# Assign #33: Time



## Corry (Dec 12, 2005)

This weeks assignment is "Time".  This one can be interpereted a broad range of ways, so it should be interesting.  It can be something showing the passing of time, displaying time, or whatever else you can think of! You have until next monday, when another assignment will be posted.  

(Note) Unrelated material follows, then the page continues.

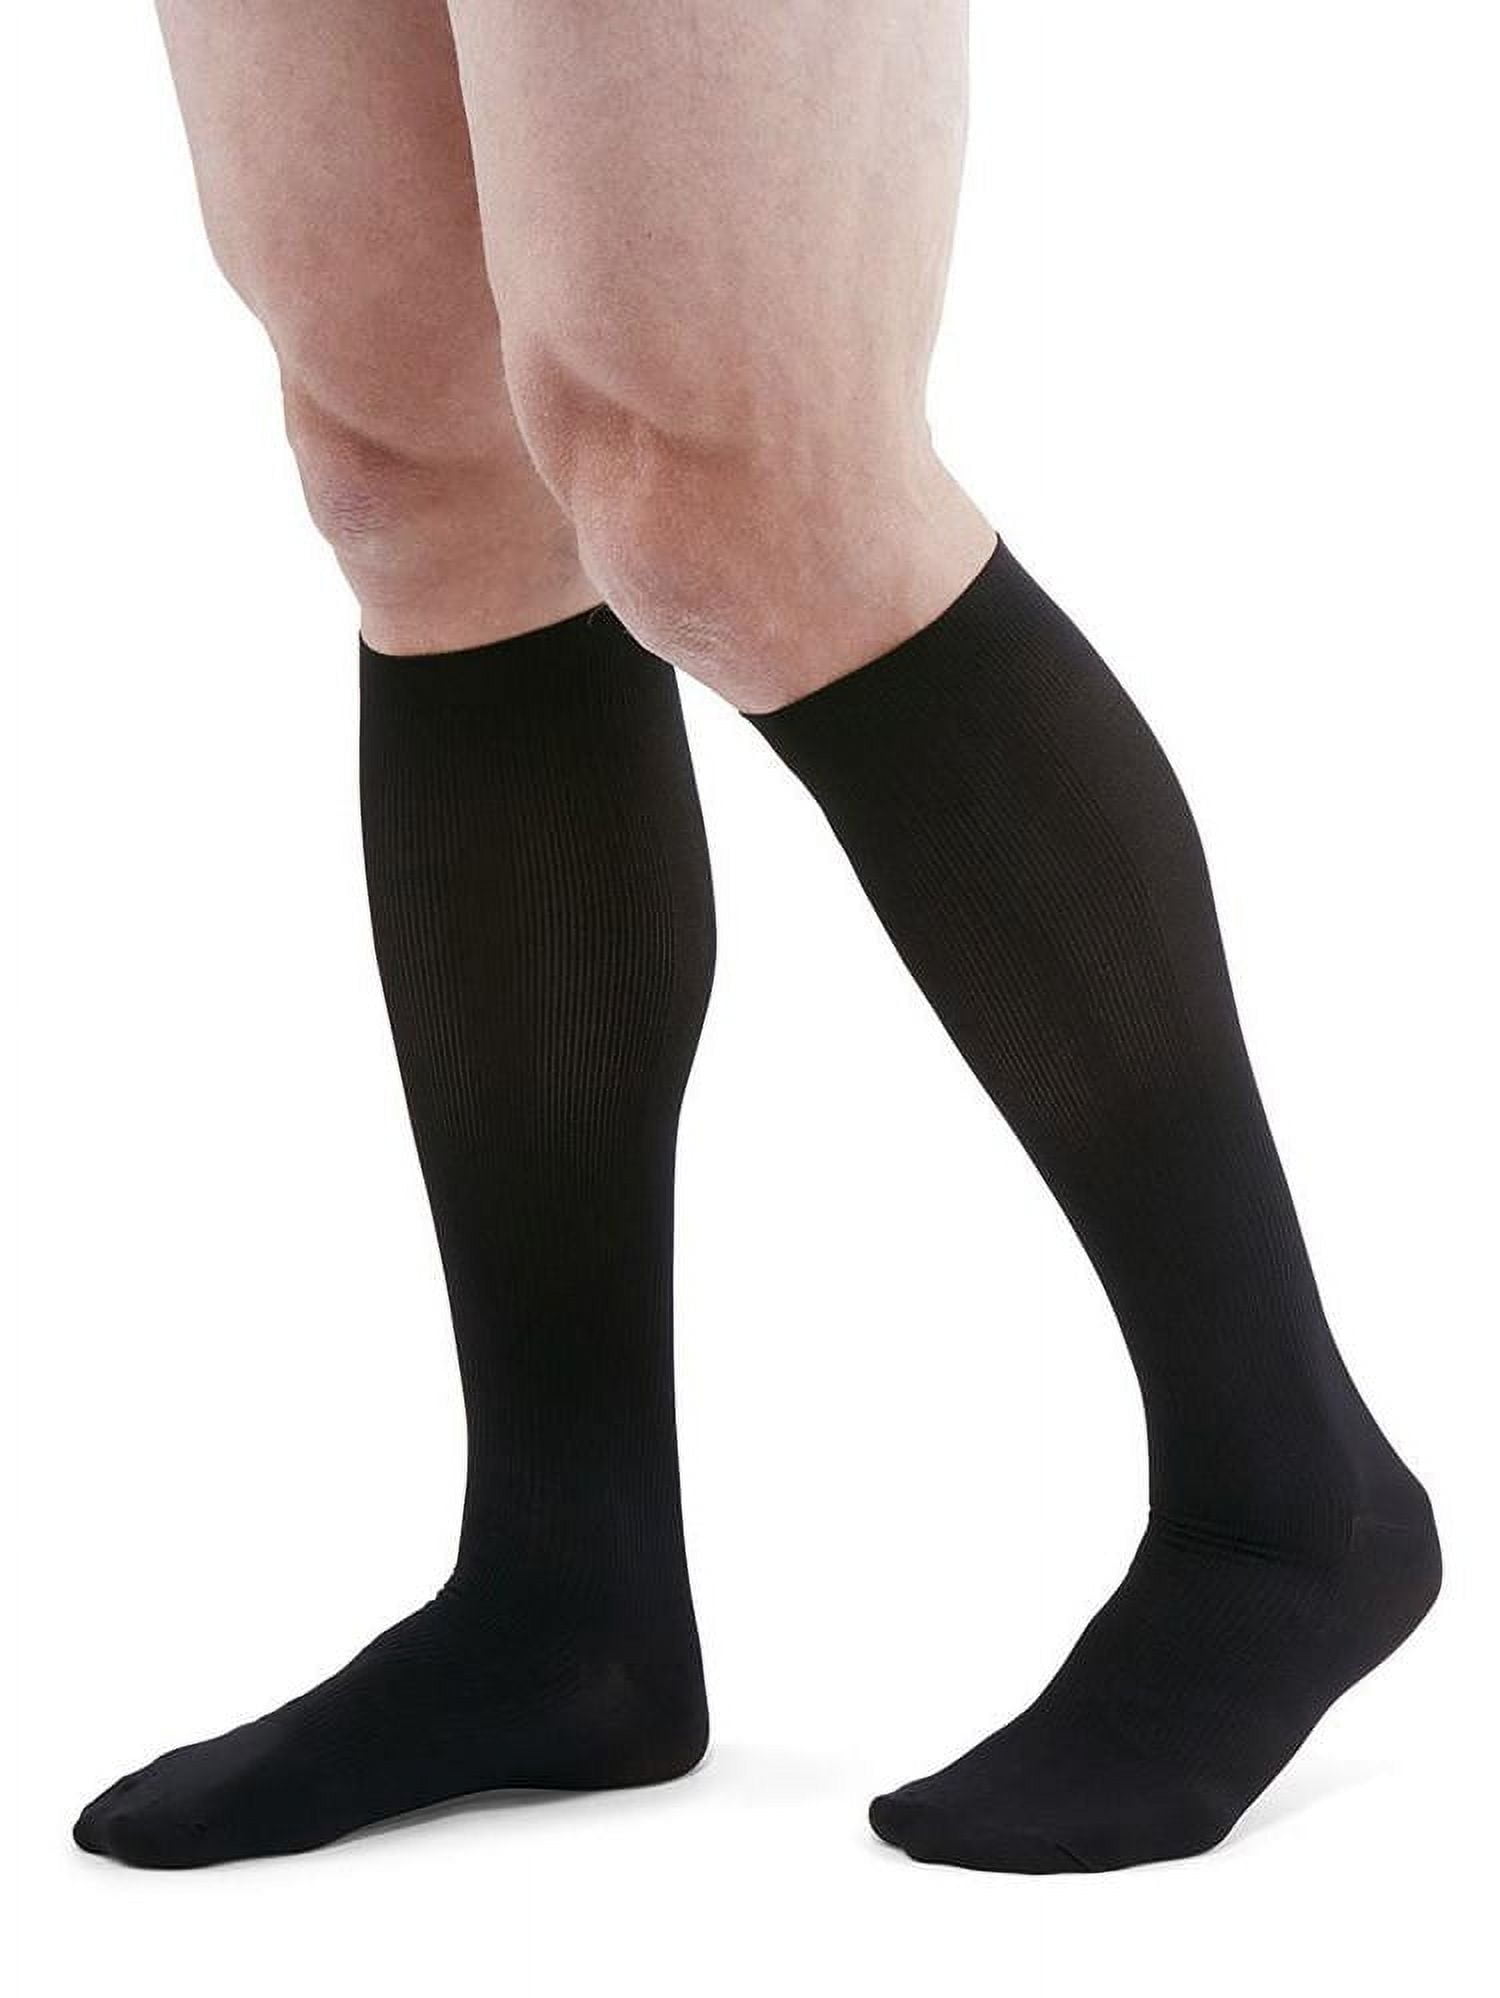 medi for men knee high classic socks - 20-30 mmhg wide tall wide tall ...

Remember, this is an assignment for *NEW PHOTOS ONLY* that are taken for the assignment!
If you are not familiar with the Assignment of the Week, please take a moment to read our  Rules and FAQ's. 


Have fun!

If you have a photo that would fit this theme, but you took it before the assignment was given, you can post them in our Exposing Time theme thread, or our Time theme thread. THANK YOU!


----------



## bethany138 (Dec 13, 2005)

Does this count?  Figured it represented the feeling of time when you are stuck in a car for hours.


----------



## Corry (Dec 13, 2005)

As long as it was taken last night, for this assignment, it certainly does count! I'd like to see lots of different representations of 'time'!


----------



## Pax (Dec 13, 2005)

I racked my mind on the time theme and here is what I came up with. 

#1 "Time gone by" 
This is me holding a picture of myself from 20something years ago.





#2 "One second in time"
An ornament spinning while the star in the background stands still.





#3 "Time eating candle" 
A candle next to an angel (- unfortunately the light dominates the picture too much)

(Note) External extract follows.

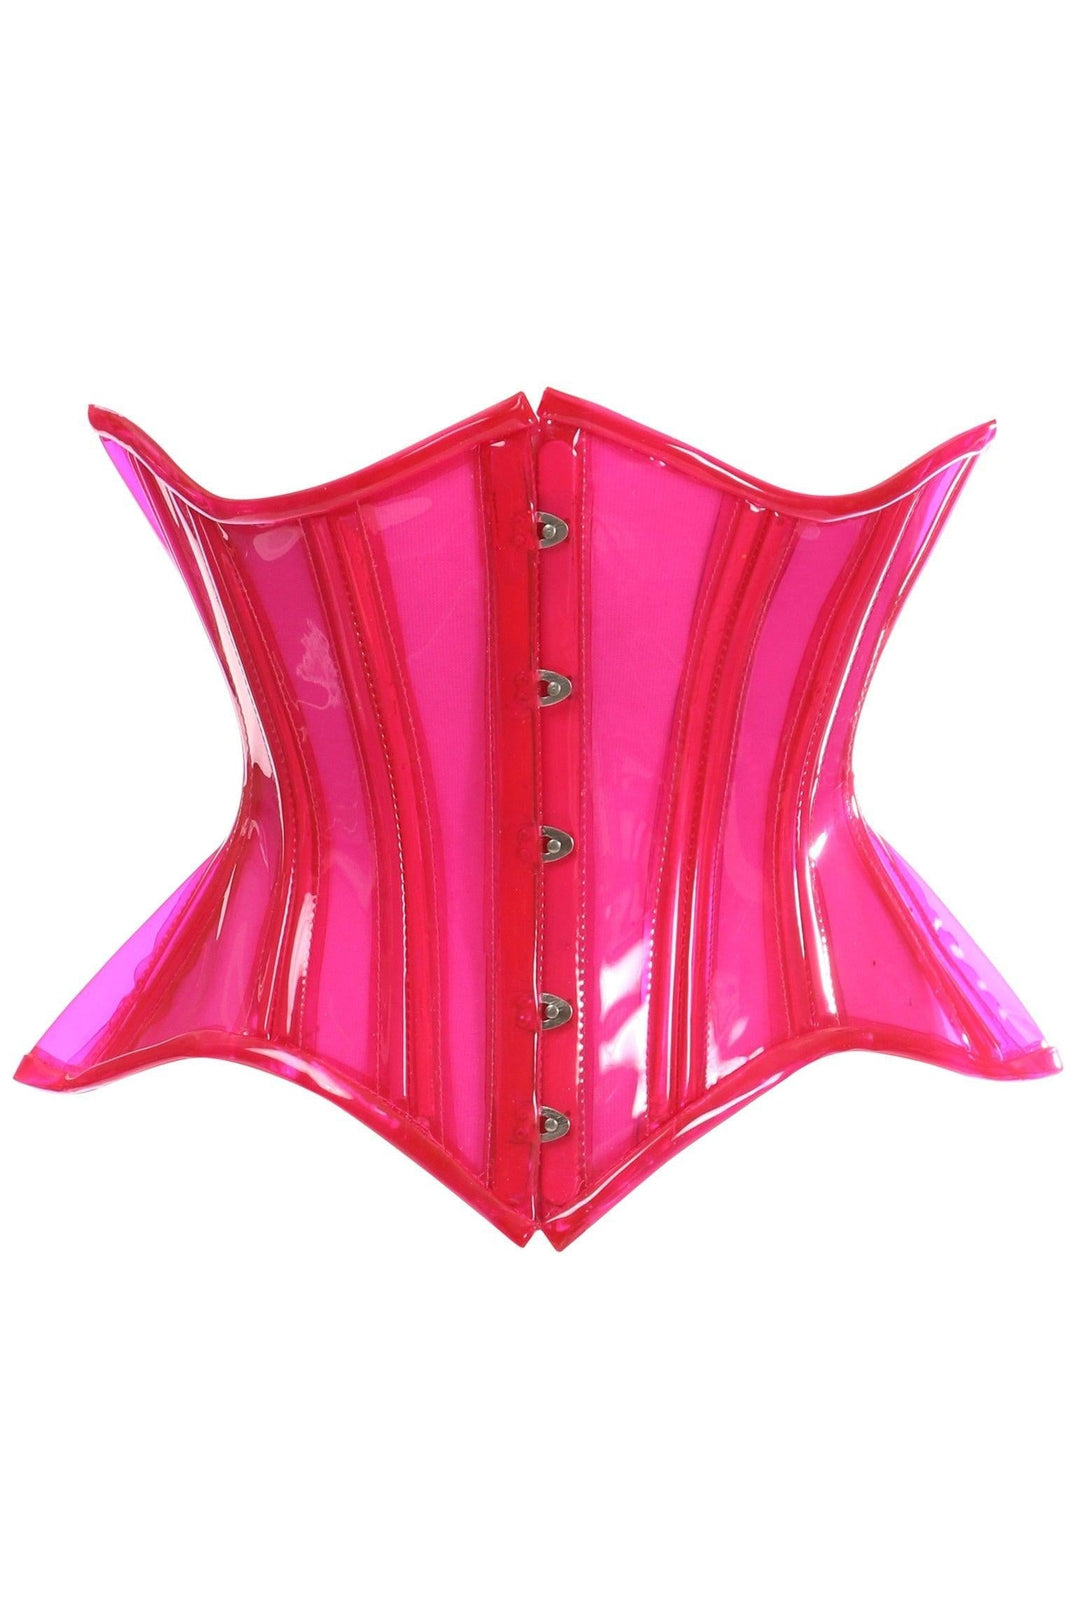 Pink Clear Curvy Underbust Waist Cincher Corset-Waist Cincher-Daisy Corsets-Pink-2X-SEXYSHOES.COM

#4 "How long does it take to light a candle" 
My wife lighting a candle, taken with multipicture mode (thus the lack of sharpness). It's the 3rd, 6th and 9th picture of the series. 





All of those were taken either yesterday or today, and I hope I met all the other requirements as well.


----------



## Corry (Dec 13, 2005)

They most surely do!!!! I like the wide array of interperatations!!! You have exposure TIME with the ornament one...you are showing time with the young you and the present you...and the last two series are time progression...nice job!


----------



## PlasticSpanner (Dec 13, 2005)

I love how #1 shows the present you in B&W and the past you in colour!

Kind of like you moving forward and the photograph moving backward in time!:thumbup:


----------



## thebeginning (Dec 15, 2005)

here's my go:

'can we unlock time?'


----------



## Riano (Dec 15, 2005)

here we go  i call it - Distorted Time, because of the numbers.. they are weird..


----------



## PlasticSpanner (Dec 15, 2005)

The "magic" I see in the darkroom!


----------



## Peanuts (Dec 15, 2005)

Awww.. 2 days too late!  Already posted mine on another thread. 

Great photos everyone


----------



## PlasticSpanner (Dec 16, 2005)

I've got to try a candle one! 

Can anyone give me some pointers & tips where to start, lighting and exposure please? :thumbup:


----------



## Pax (Dec 20, 2005)

PlasticSpanner said:
			
		

> I've got to try a candle one!
> 
> Can anyone give me some pointers & tips where to start, lighting and exposure please? :thumbup:


 
I wish the candle hadn't been my only source of light. A tiny little other lightsource would have made that angel stand out more. That's what I have learned. Sorry that this is the only advice I can offer.


----------



## mcoppadge (Dec 20, 2005)

Hope it's not too late...(photo edit from first post).


----------



## Jeff Canes (Sep 19, 2007)

bump


----------